Aus gegebenen Anlass weist der Plangeber (Regionale Planungsgemeinschaft Ostthüringen) ausdrücklich darauf hin, dass gemäß § 10 Raumordnungsgesetz in Verbindung mit § 3 Absatz 1 Thüringer Landesplanungsgesetz die Öffentlichkeit bei der Aufstellung von Raumordnungsplänen (hier Regionalplan Ostthüringen) zu unterrichten bzw. zu beteiligen ist und somit die Gelegenheit zur Stellungnahme zum Entwurf des Raumordnungsplanes besteht. Eine Pflicht des Plangebers, auf die erhaltenen Stellungnahmen jeweils mit einer Eingangsbestätigung oder Informationen zur Berücksichtigung der eingereichten Hinweise, Anregungen und Bedenken zu reagieren oder Stellungnehmende über den jeweiligen „aktuellen Stand der Dinge“ zu informieren, lässt sich weder aus den gesetzlichen Grundlagen für das Planverfahren ableiten, noch ist dies üblich oder gar praktikabel.

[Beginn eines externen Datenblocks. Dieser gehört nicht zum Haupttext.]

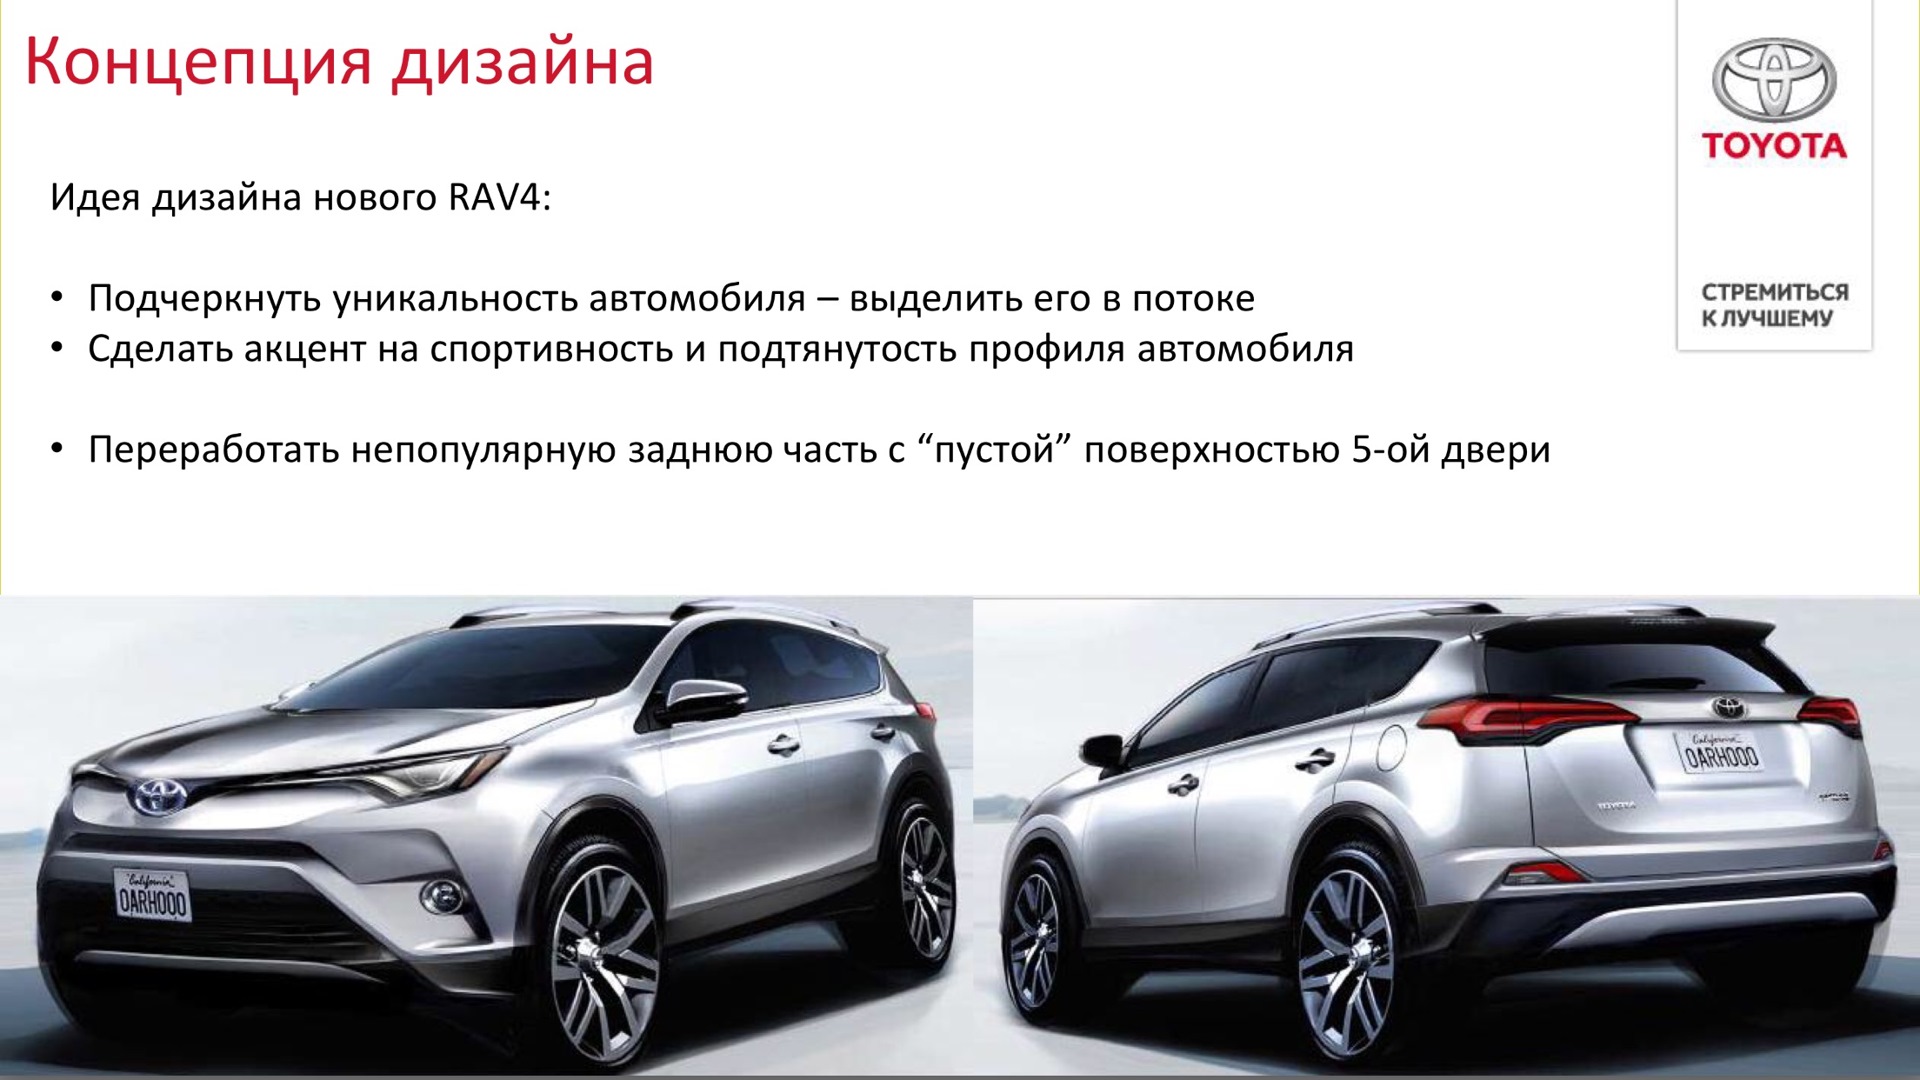 Расход топлива рав. Название элементов дизайна на Тойота рав 4 2014 года. Презентация абсолютно нового rav4 Архангельск.
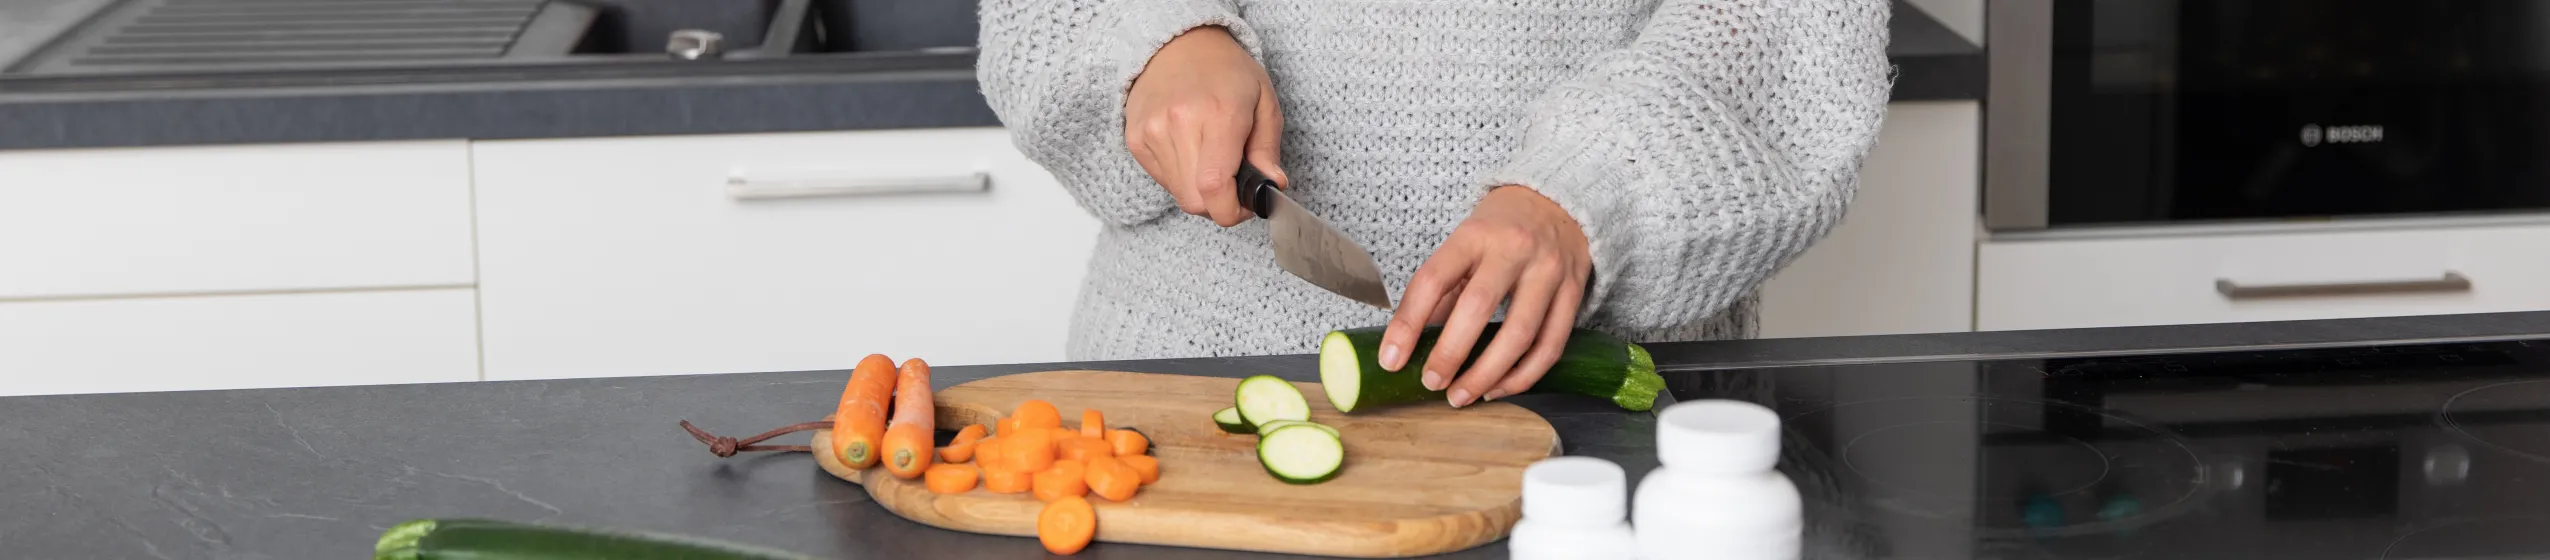 Frau schneidet Gemüse in der Küche

Die im Rahmen der Durchführung des Beteiligungsverfahrens (Öffentliche Auslegung / Anhörung) gemäß Beschluss Nr. PLV 27/06/18 vom 30.11.2018 zum 2. Entwurf des Abschnittes 3.2.2 Vorranggebiete Windenergie eingegangenen Stellungnahmen hat der Plangeber mit Beschluss Nr. PLV 07/01/20 vom 26.06.2020 gegen- und untereinander abgewogen und zur Grundlage für die abschließende Fassung des Abschnittes 3.2.2 Vorranggebiete Windenergie gemacht.
Aus den Anregungen und Hinweisen hat sich nach Durchführung der Abwägung kein sachlicher Bedarf für eine erneute Beteiligung gemäß § 9 Abs. 3 ROG ergeben. Somit ist der Zeitpunkt erreicht, an dem kein weiterer fachlicher Zugewinn für den Abschnitt 3.2.2 Vorranggebiete Windenergie und die dazugehörige Entwicklung mehr erreicht werden kann.
Gemäß § 7 Abs. 1 Satz 3 ROG können Ziele und Grundsätze der Raumordnung in räumlichen und sachlichen Teilplänen erfolgen. Aufgrund des verfestigten Planungsstandes wird nachfolgend der Abschnitt 3.2.2 Vorranggebiete Windenergie als Sachlicher Teilplan Windenergie benannt.
Dem Geltungsbereich sowie seiner Bindungswirkung und seinem Maßstab entsprechend ist somit die Vorlage des Sachlichen Teilplanes Windenergie zur Genehmigung gemäß § 5 Abs. 3 ThürLPlG der gesetzlich vorgeschriebene nächste Schritt für den Plangeber. Diesen Schritt hat der Plangeber mit Beschluss Nr. PLV 08/02/20 vom 26.06.2020 vollzogen.
Inzwischen wurde der Sachliche Teilplan Windenergie am 21.12.2020 in Kraft gesetzt. Die Überarbeitung des Gesamtplanes wird fortgesetzt.